A Zimbabwean manufacturer, who declined to be identified, told IRIN of the prevailing mood in the business sector: “We were told to sell our commodities at near give-away prices, but now we cannot afford to restock, so we hope the government will come with a rescue package to help us remain in business … many have closed shop and many are considering doing the same.”

Waterborne diseases
Mabvuku, one of Harare’s high-density suburbs, is pockmarked with shallow wells, a consequence of potable water not being available in the area for the past six months.

“It looks like the municipal authorities and the government have abandoned us. Recently there was an outbreak of diarrhoea and several people died after drinking unsafe water,” Constance Chiminya, a resident, told IRIN.

“Because authorities cannot provide the community with any form of water, we are now resorting to digging shallow unprotected wells, which we share with some animals.”

She said the authorities had brought in water bowsers when there were incidents of waterborne diseases, but once the outbreak was contained the bowsers were withdrawn.

In Kadoma, a mining town of 80,000 people about 140km south of Harare, 20 people died during an outbreak of diarrhoea in July.
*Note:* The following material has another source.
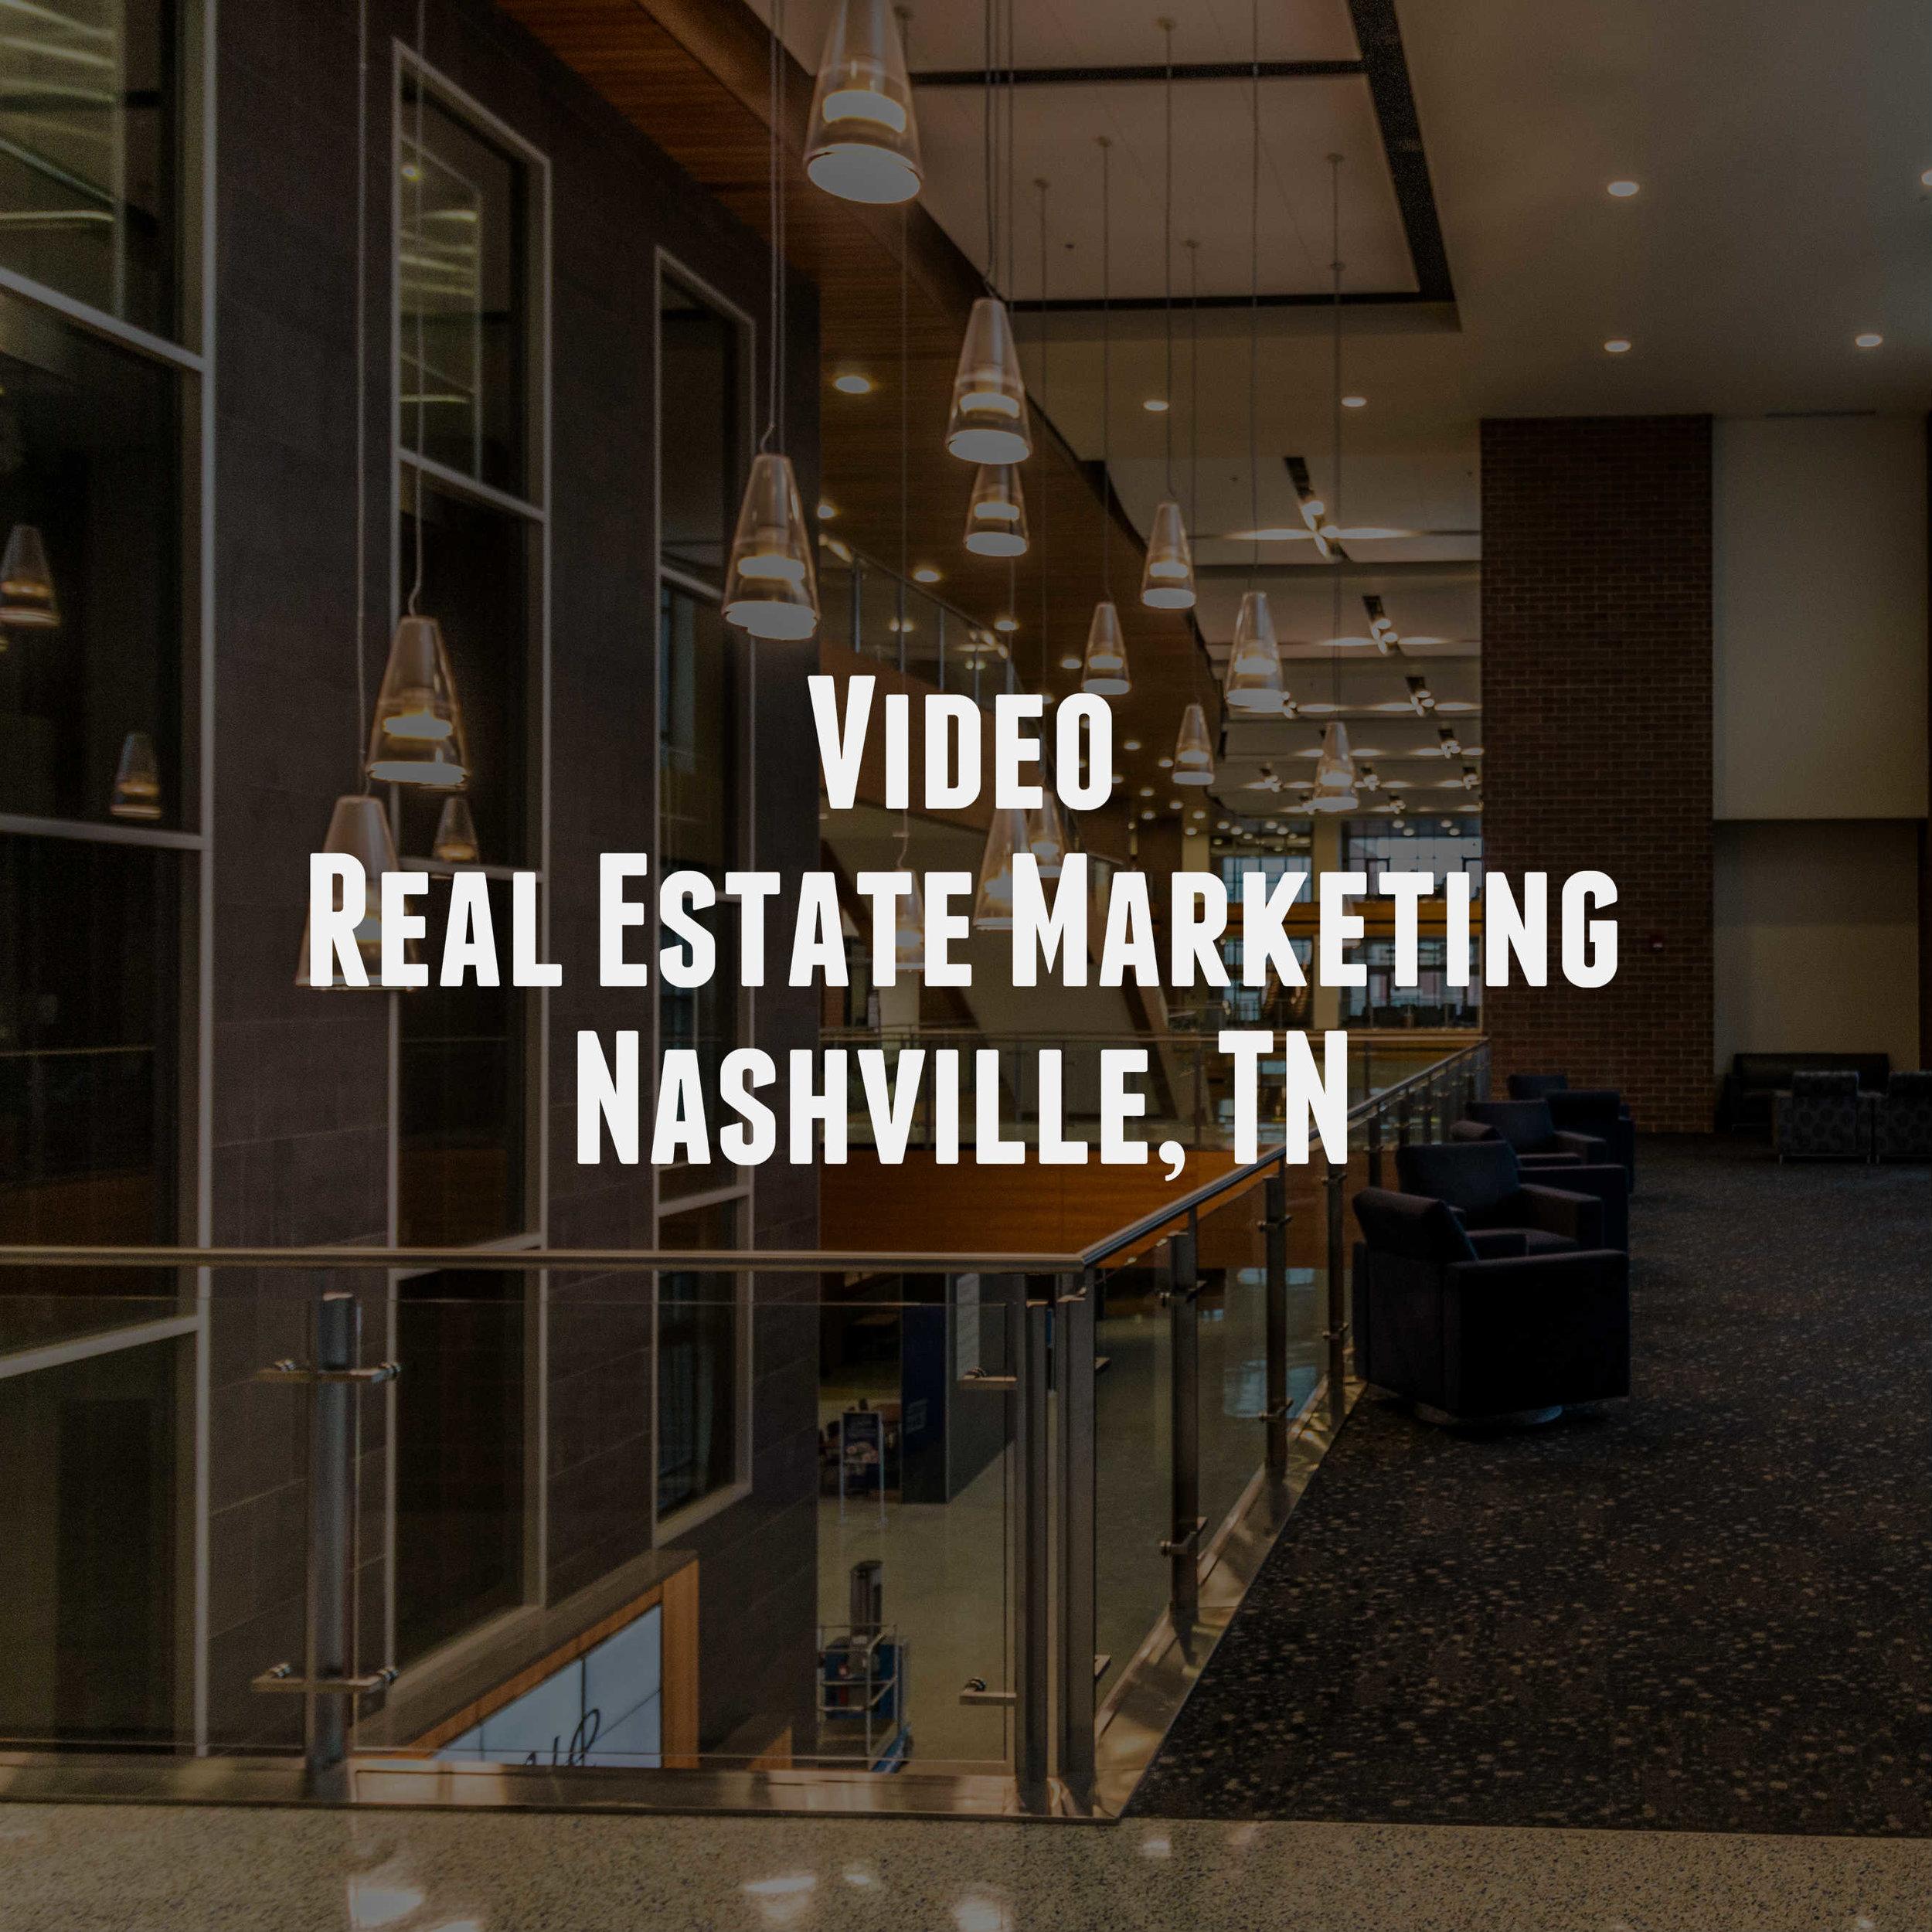 Video Real Estate Marketing in Nashville, TN Market

The United Nations Children’s Agency (UNICEF) installed water tanks in the town’s high-density suburbs and provided disinfectants to prevent further outbreaks.

Precious Shumba, spokesperson for the Combined Harare Residents Association, told IRIN that service delivery had collapsed in the capital and the risk of the waterborne diseases was high.
Many households have gone for months without water so, naturally, residents are not using their lavatories. They now use the bush to relieve themselves … Unfortunately it is in the same bushes that shallow wells are dug to provide water for the residents. This creates a ticking health time-bomb because, in addition, refuse is not being collected, while burst sewer pipes are not being attended to on time.”

The former elected executive mayor of Harare, Elias Mudzuri, told IRIN: “You see, when I was the mayor, we had some twinning arrangements with some cities around the world. Harare was twined with Munich, in Germany.”

Mudzuri, from the opposition Movement for Democratic Change party, was replaced by commissioners appointed from the ranks of President Robert Mugabe’s ZANU-PF government. “They [Munich] were ready to assist us with equipment for managing refuse collection, but they pulled out from the arrangement, saying they only dealt with elected city leaders,” he said.

“It is scandalous that the capital of a country has raw sewage flowing in some streets, and that people go for weeks without water. How can the streets of the capital of the country be in total darkness because the commission managing the city abandons its role of lighting up the streets?”